Bubs- that's really helpful insight. Although I feel he's a very mild case I often worry so much that he is going to end up unhappy as he does not seem to be able to enjoy experiences like most people- we went to see the Christmas lights in town yesterday and he just wanted to go home..."what? They are just lights!"

lljkk Wed 09-Dec-15 18:00:35

Can't OP just look up the strategies for helping people with ASD and try them anyway, in meantime? Why wait for a diagnosis?

Spanish public health system is even more stretched than NHS, I wouldn't expect they can do a lot.

DrDooRatheraLot Wed 09-Dec-15 22:50:23

That might be a start, llkjj . Any suggestions of useful websites with hints and support?

Benzalkonium Wed 09-Dec-15 22:55:43

I would be finding out more about how the Spanish system (education and health) supports people on the milder end of the spectrum before seeking diagnosis. I understand your mistrust. However, the transition into adolescence can throw up more challenges and if you do feel the support might be helpful, I would seek it sooner rather than later.
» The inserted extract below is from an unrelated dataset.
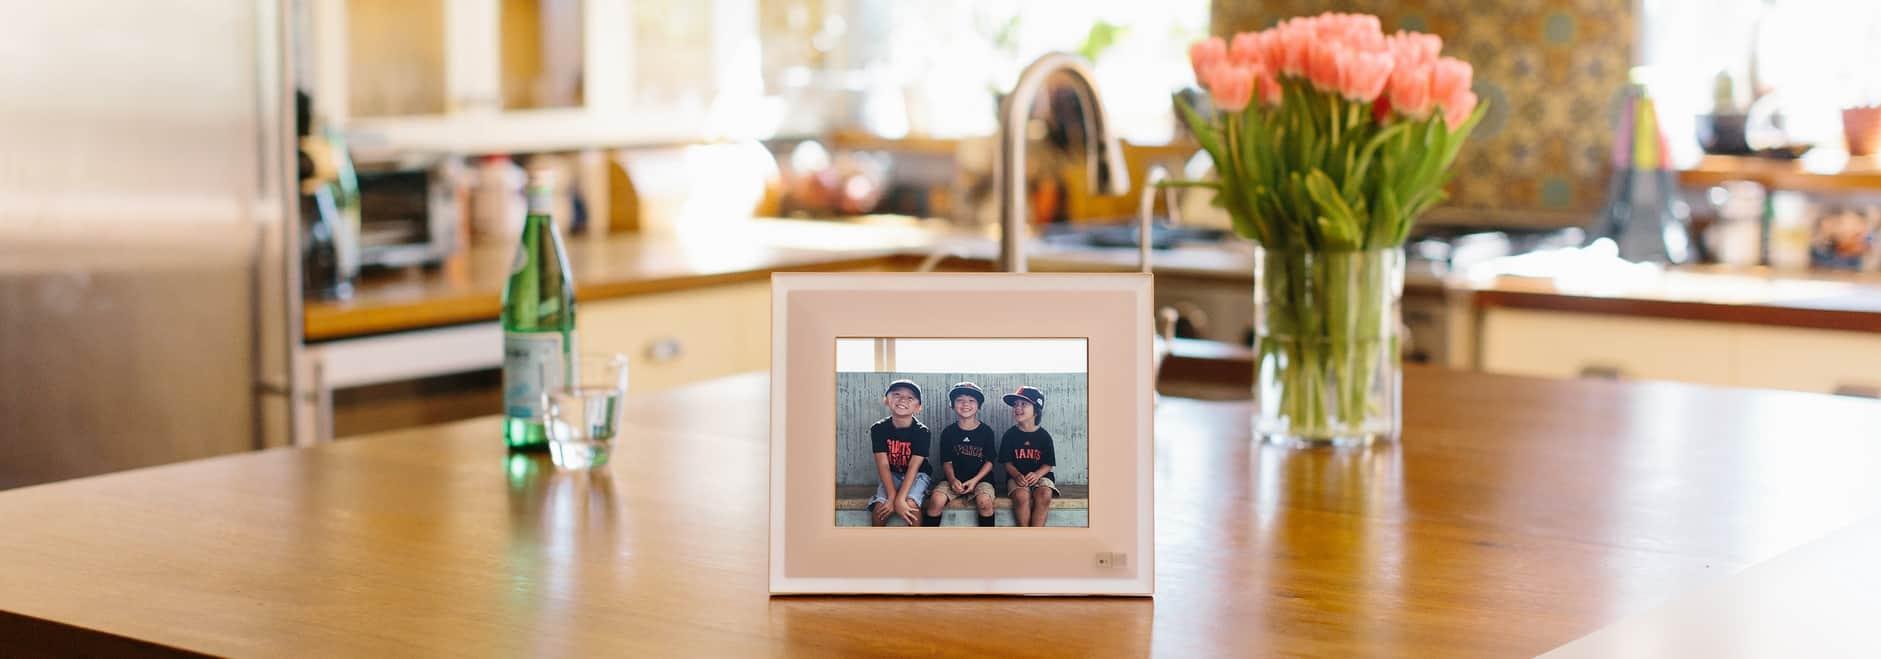 marco de fotos digital en la mesa

DrDooRatheraLot Thu 10-Dec-15 20:36:06

Hard to get answers in advance as to how well the system will support or treat him..... Already feel quite let down by the system here in that not a single one of his teachers, carers or doctors has ever picked up on anything! Admittedly, he is more extreme at home, but I'm sure they should have noticed something if they'd actually observed him closely.....and I truly am not making things up.....I sat DH down last night and showed him some of the web pages I've been reading re autism/aspergillosis and for the first time he's in agreement that there is definitely something not right with DS and that he fits a lot of the criteria for ADS
Thanks for your support....Spoke to GP today and I am making an appntmnt with the paediatrician tomorrow.

DrDooRatheraLot Thu 10-Dec-15 20:38:36

Oh dear....... Not Aspergillosis! Aspergers!

Benzalkonium Tue 15-Dec-15 17:21:51

No, it's difficult to get an idea in advAnce what the support will be. Is there not an autism association type organisation in Spain?
How long to wait r for paediatric appt?